Commanding officer William D. Porter upgraded his ship without official authorization into an ironclad gunboat. Under his orders she was lengthened, widened, and completely reengineered, and her appearance was changed drastically. New, more powerful, engines were put in place and she was rearmored. After her upgrade Essex took part in operations near Vicksburg, Mississippi. On 15 July 1862, USS Essex was engaged with CSS Arkansas as that ship successfully ran past the Union fleets in front of the city. On 23 July, Essex unsuccessfully attacked the Arkansas at her moorings but was repelled by the Arkansas and the shore guns under whose protection the Arkansas lay. Federal forces withdrew from Vicksburg shortly thereafter. After withdrawing, Essex joined Admiral David Farragut's squadron and was the only Federal ironclad on the lower Mississippi River. On 5 August 1862, Essex helped repel a Confederate Army attack on Baton Rouge, Louisiana.

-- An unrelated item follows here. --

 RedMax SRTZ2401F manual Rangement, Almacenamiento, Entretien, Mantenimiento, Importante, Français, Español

On 6 August, the Essex once again engaged CSS Arkansas as that vessel attempted to relieve the beleaguered Confederates attacking Baton Rouge. As Essex approached, the steering mechanism of the Arkansas jammed and her crew was forced to scuttle her due to the presence of the Essex.

==Transfer to the Navy==
In October 1862 the Essex was transferred from the Army to the United States Navy. She was involved in the bombardment of Port Hudson, Louisiana and assisted during the occupation of Baton Rouge. In May–July 1863 under the command of Robert Townsend she participated in the siege and capture of Port Hudson. USS Essex took part in the Red River Campaign of March–May 1864.

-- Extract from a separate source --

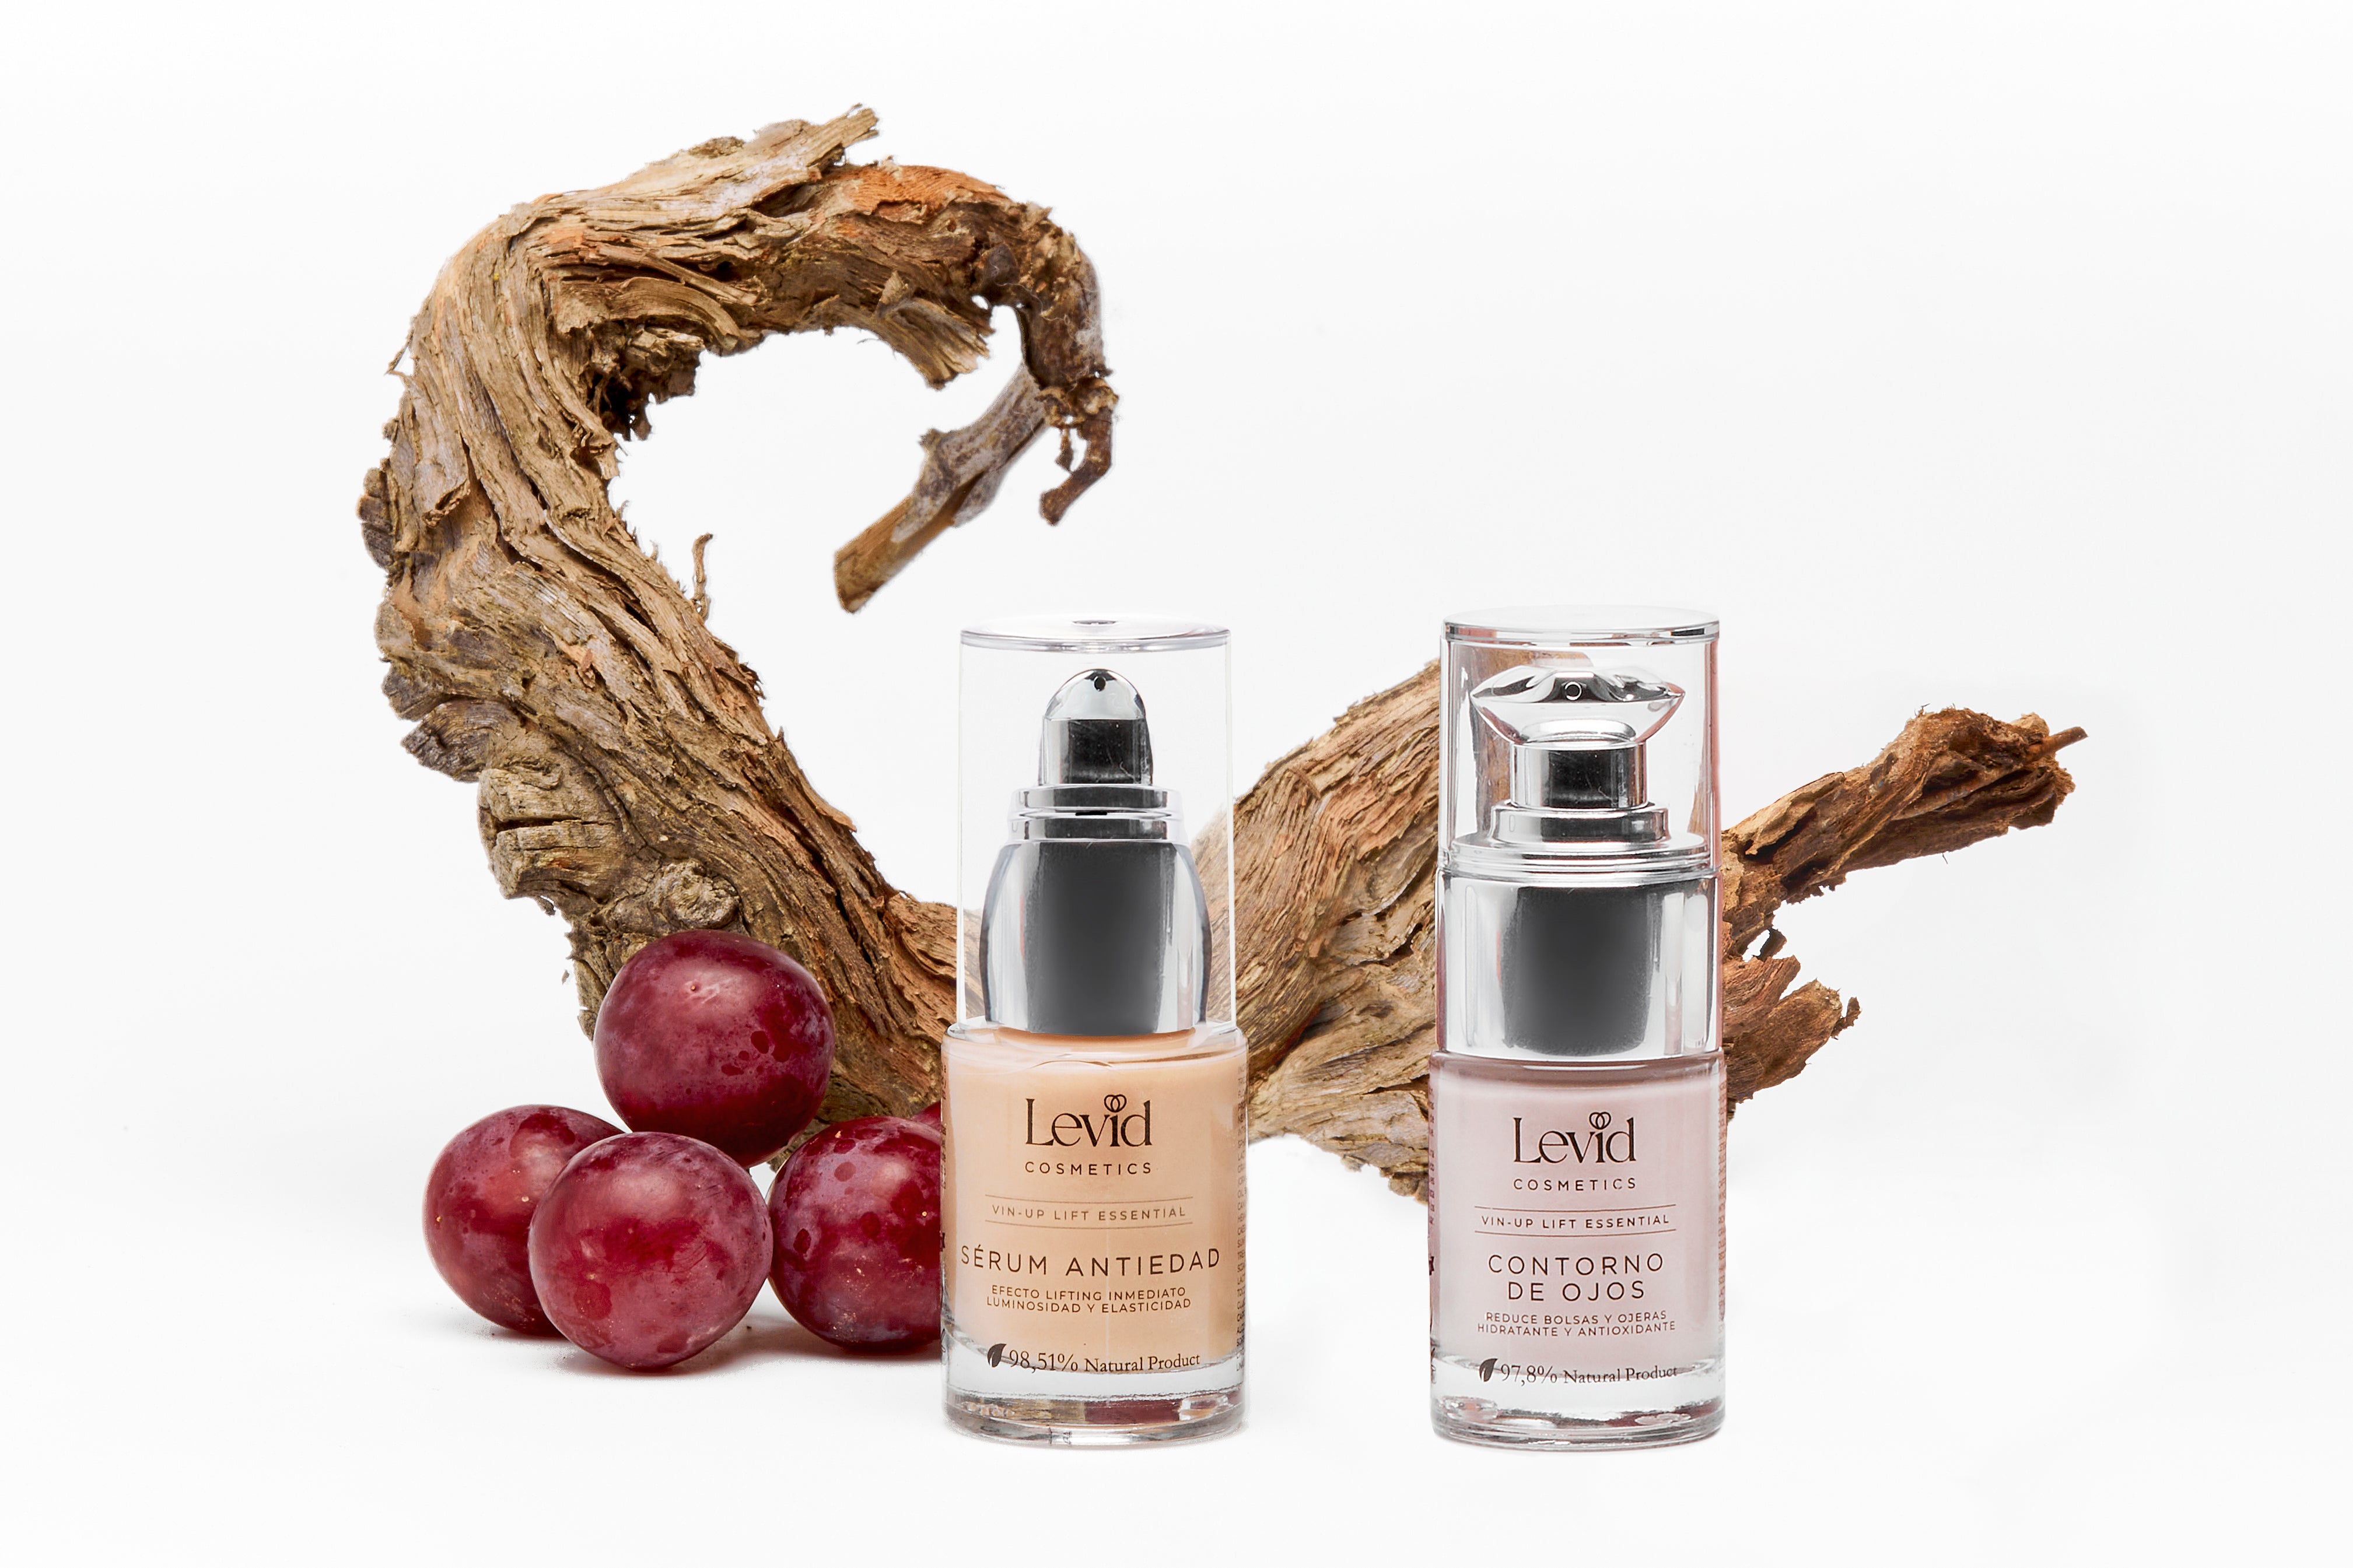 Pack cosmética premium con alta concentración en principios activos - Levid Cosmetics

In December 1864, the USS Essex was in Memphis, Tennessee. According to David Redrick, the Rear Admiral's cook, some of the boat's crew "slipped ashore at night" and "got on a spree". Boatswain William Bernard Dolen, age 33, was part of a detail sent ashore to "arrest the boys". During the arrest, he was stabbed in the right chest by a fellow seaman, and was honorably discharged for disability due to the chronicity of the wound, from which he later died in 1878.

==After the war==
Essex was decommissioned in July 1865. She was sold in November 1865 and reverted to the civilian name New Era. She was scrapped in 1870. USS Essex had the reputation as one of the most active gunboats on the Mississippi River, despite her relatively weak armor. It often was damaged in actions.